Please repeat the whole listing exactly, but leave the pictures out.

___ SUPPLIED INFORMATION

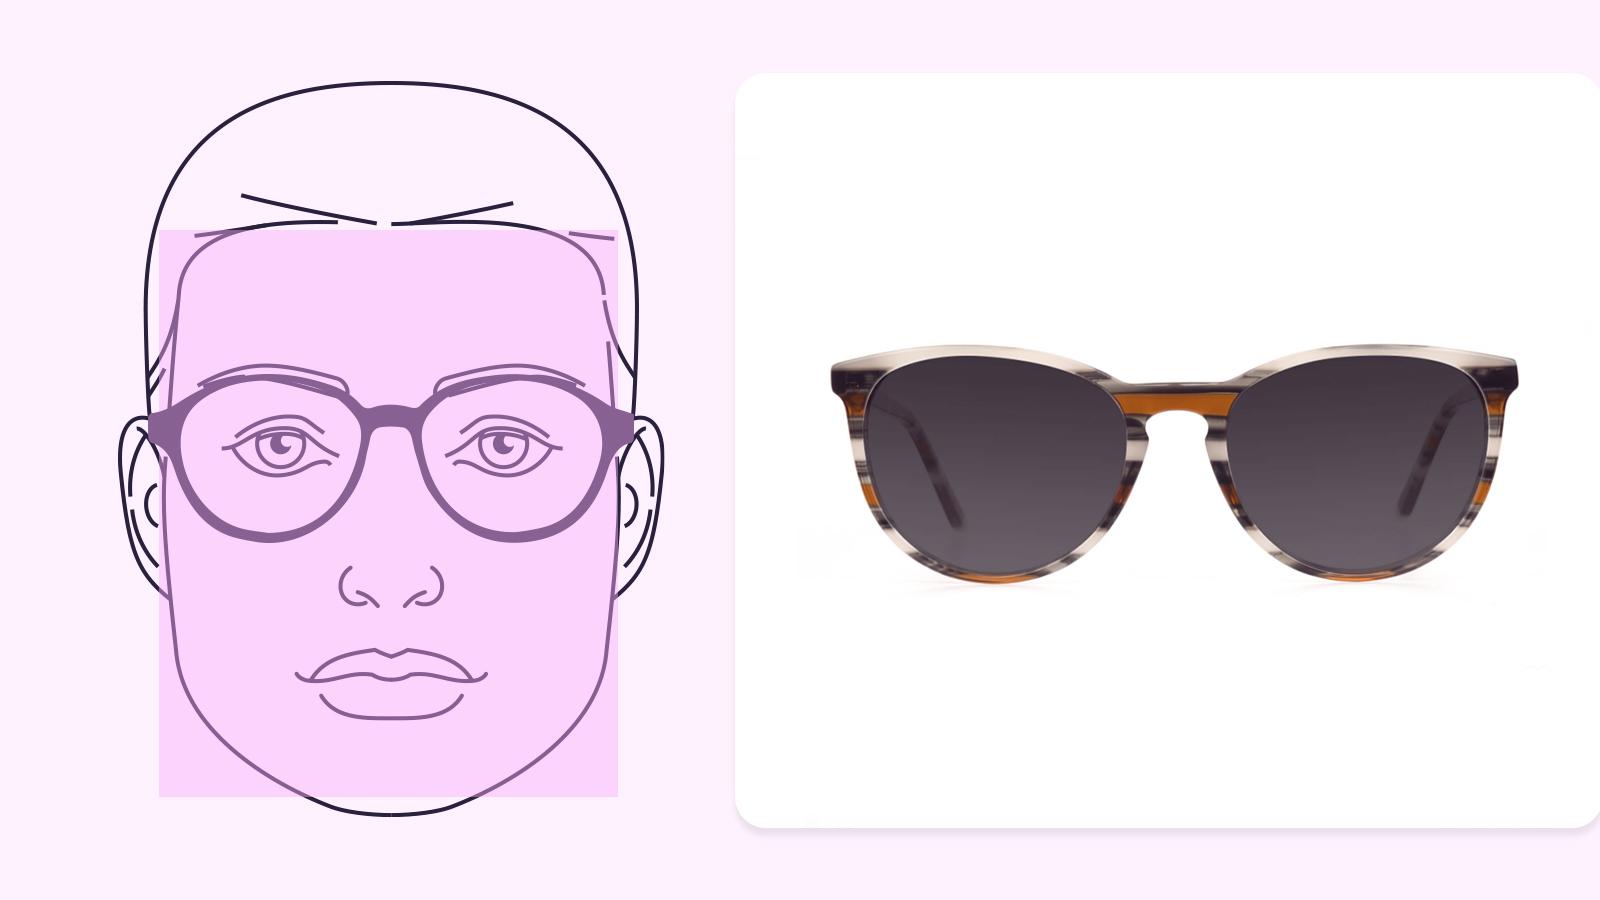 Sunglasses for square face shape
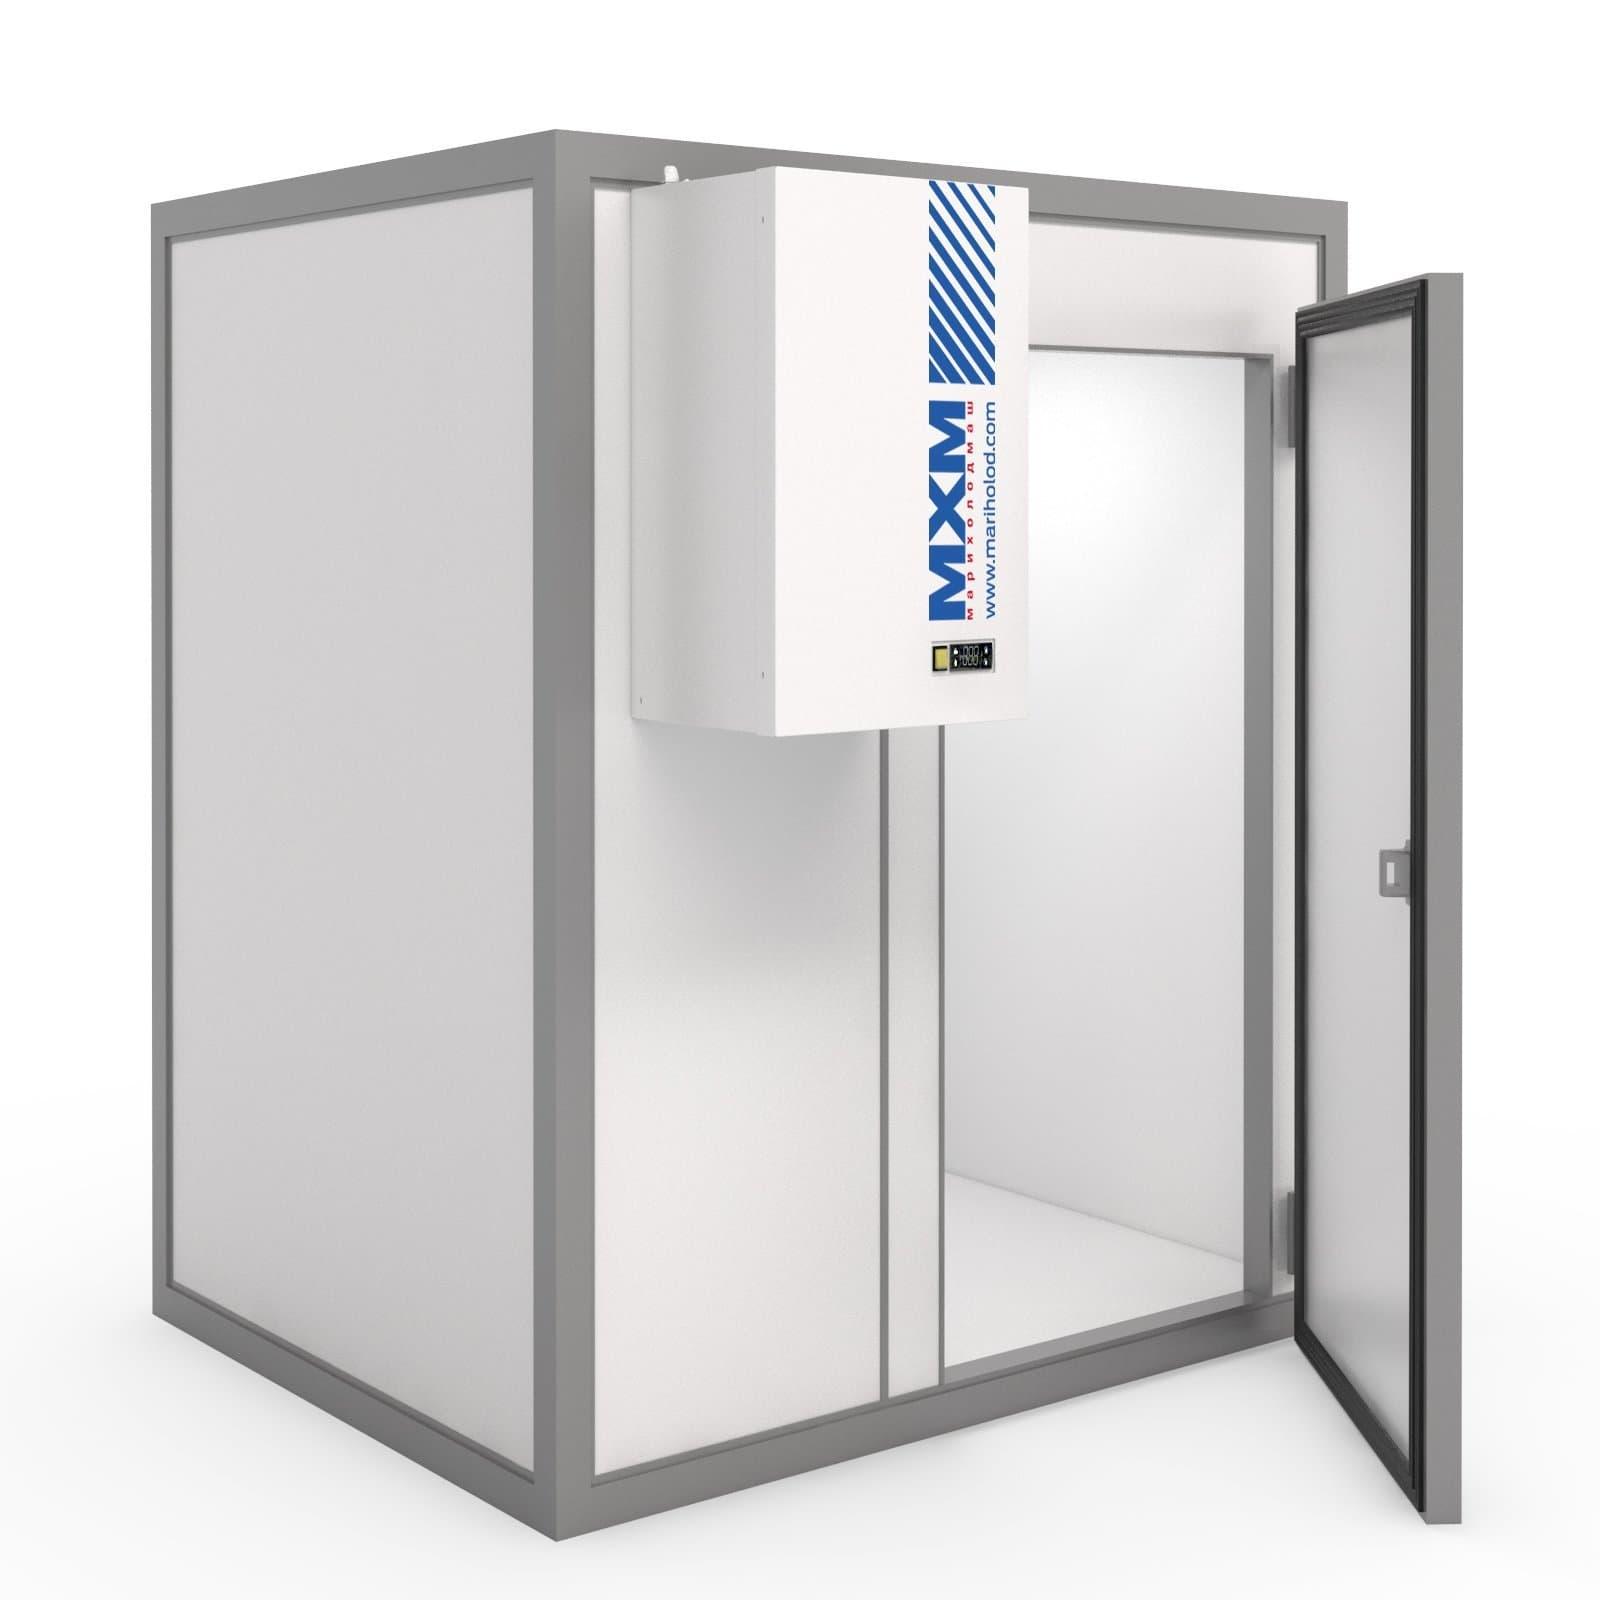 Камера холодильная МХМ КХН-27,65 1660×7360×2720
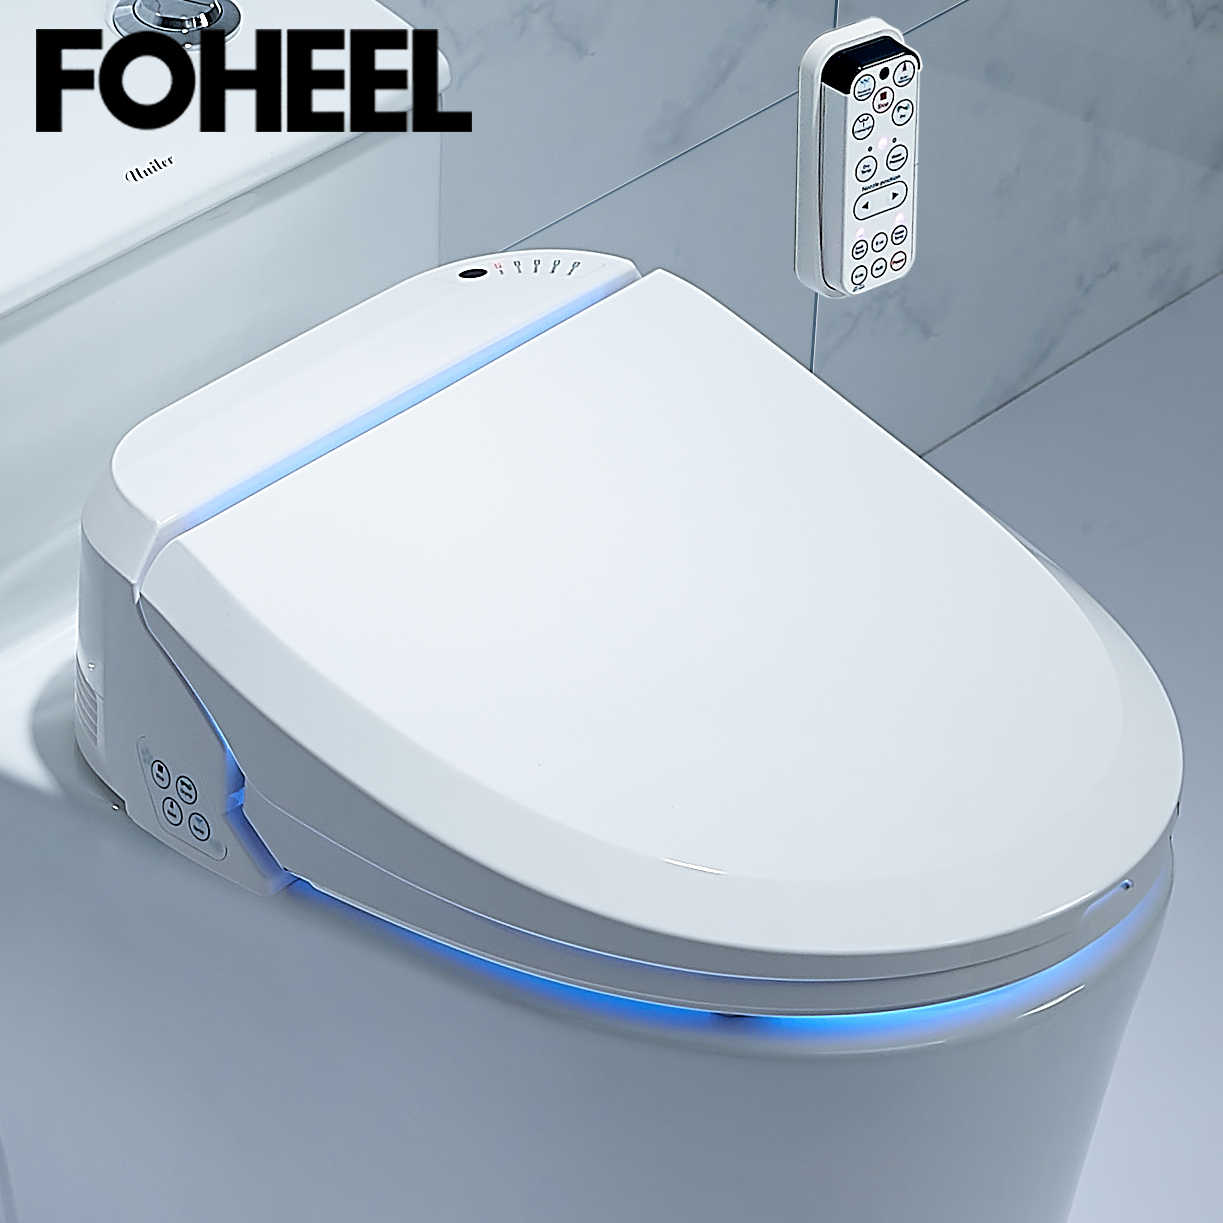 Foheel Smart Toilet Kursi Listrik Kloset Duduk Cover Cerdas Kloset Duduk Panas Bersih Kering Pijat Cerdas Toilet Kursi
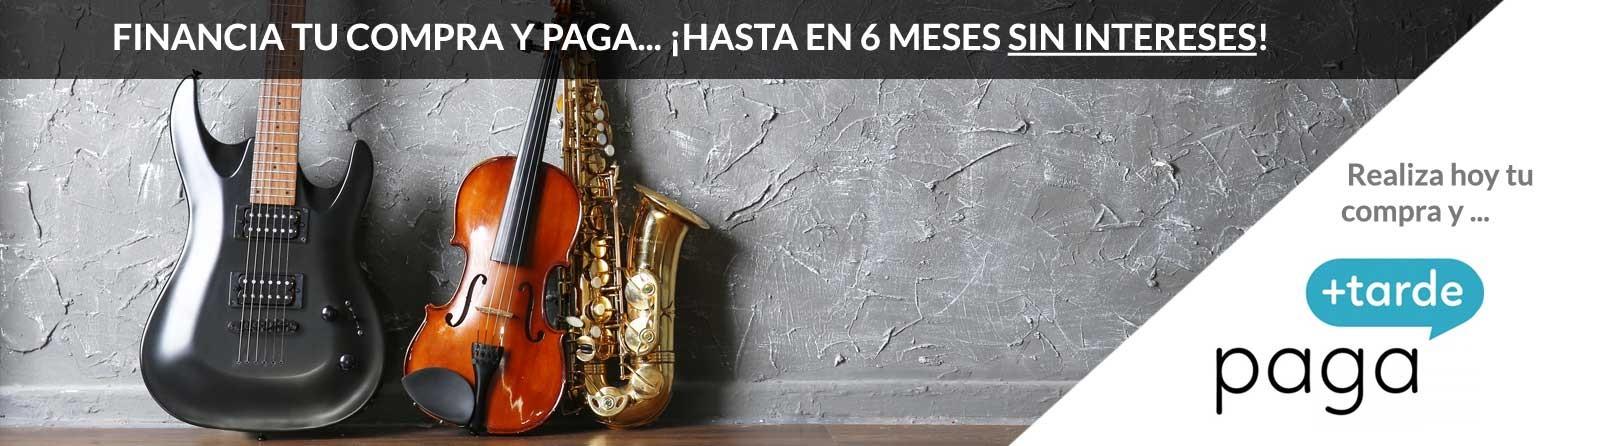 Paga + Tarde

______

OUTPUT OF THE EXERCISE:
 Sunglasses for square face shape
 Камера холодильная МХМ КХН-27,65 1660×7360×2720
 Foheel Smart Toilet Kursi Listrik Kloset Duduk Cover Cerdas Kloset Duduk Panas Bersih Kering Pijat Cerdas Toilet Kursi
 Paga + Tarde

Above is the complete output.